Is it flattering to hear you have Bette Davis eyes and the total package or is it daunting as people have high expectations when they have labels to work from?
    It is a good thing that people have high expectations of my work. It makes me a better artist. Baz Luhrmann taught me that the difference between a professional and an amateur is one who can turn their skills on and off on command. He expected us to treat every rehearsal as if we were performing for an audience who had all paid $100 for their tickets. I learned to give every off-stage moment my best to live up to his high expectations of us.
    The renowned Russian soprano Anna Netrebko said of her fame that in the beginning she didn’t deserve it, but because of all the good press she received, she ended up living up to her reputation and to audience expectations.
    I feel the same way about my own career path—the more people have expected of me, the more I have learned to give and the better I have become.

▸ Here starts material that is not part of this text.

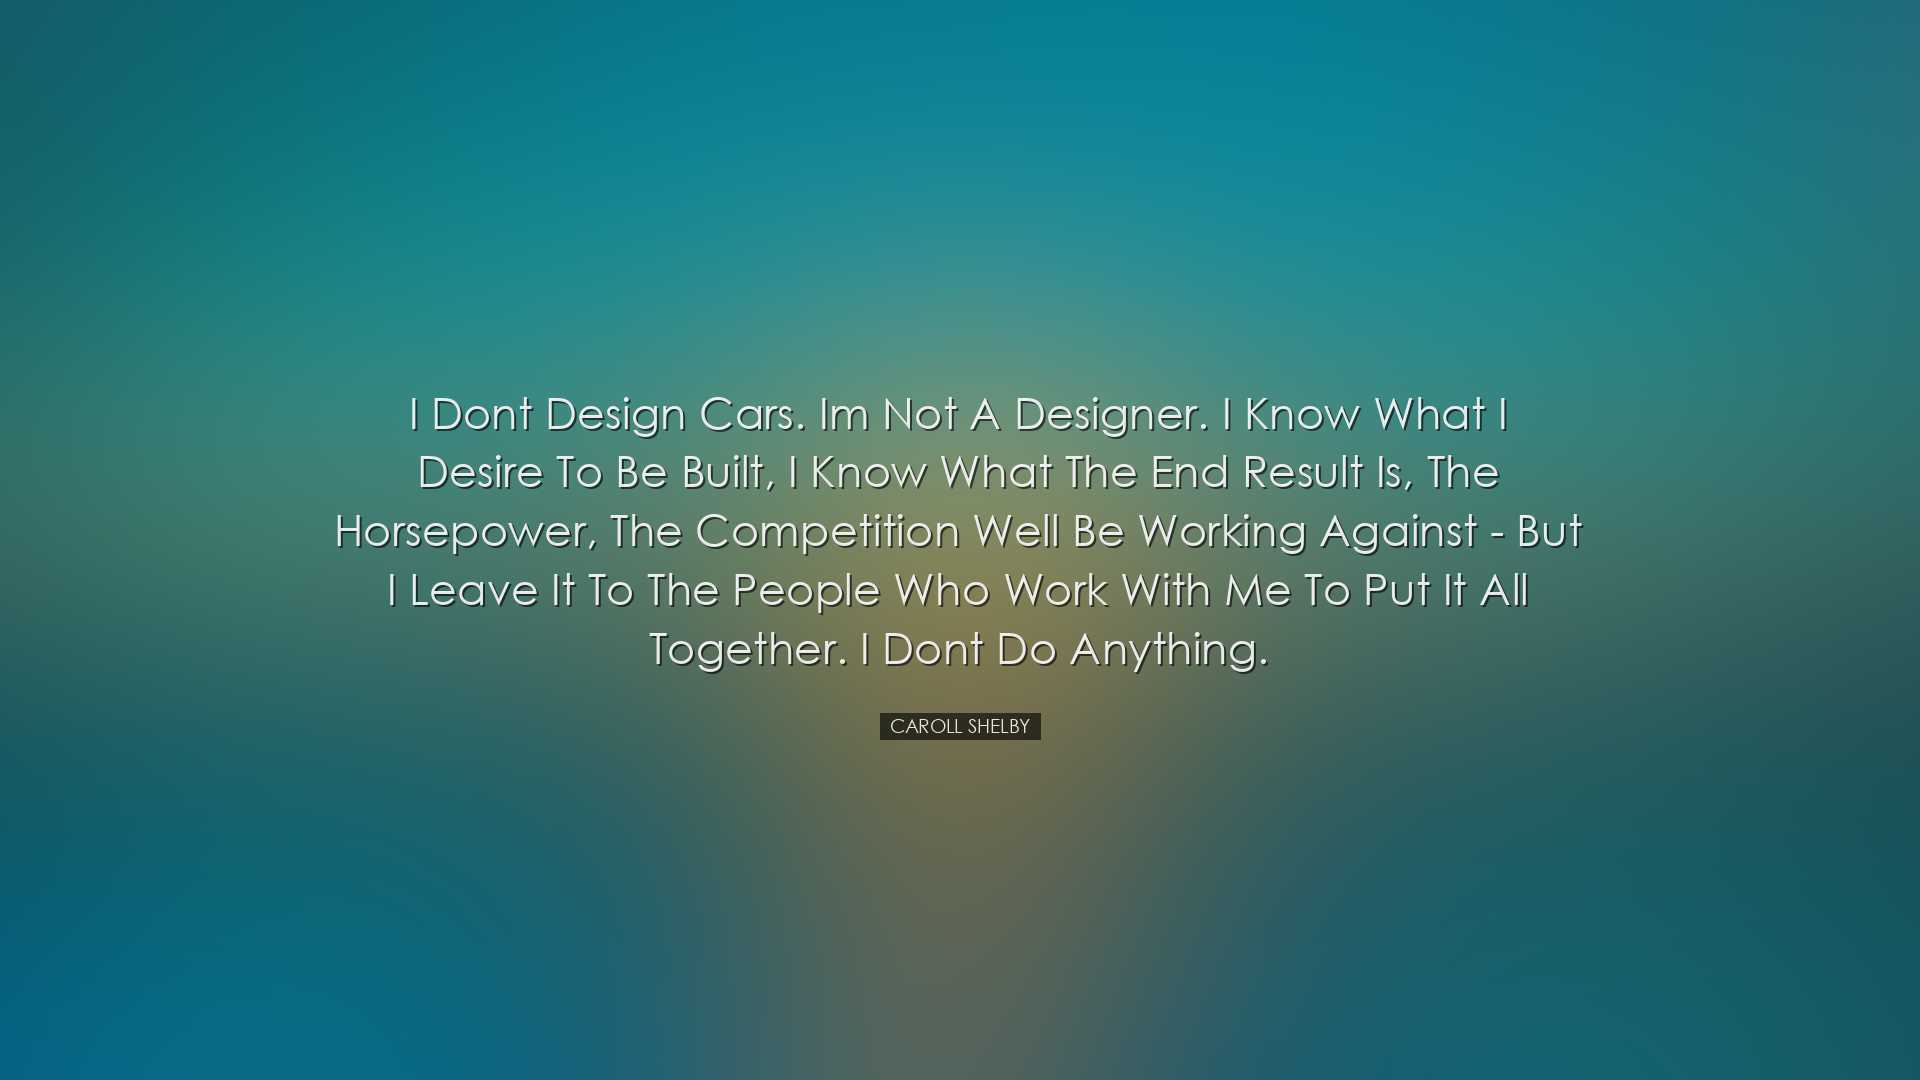 I dont design cars. Im not a designer. I know what I desire to be

I like a good challenge, and I have faith in my God-given abilities, and I know that the weaknesses I have contribute to my humanity and artistry. I don’t ever let compliments or good press go to my head—I stay grounded by my weaknesses and believe that great artistry can only occur in the context of true humility—humility towards the score, the story line, the character, one’s co-workers, director, conductor  and orchestra. That said, I have exceedingly high expectations of myself and try to guarantee my performance for every paying audience member who expects me to create a spectacular experience for them.

What’s your favorite role thus far?  
    I would have to say Mimi because I had such a unique opportunity to “live in her skin” on Broadway for an entire year of my life. That opportunity is unheard-of in the opera world.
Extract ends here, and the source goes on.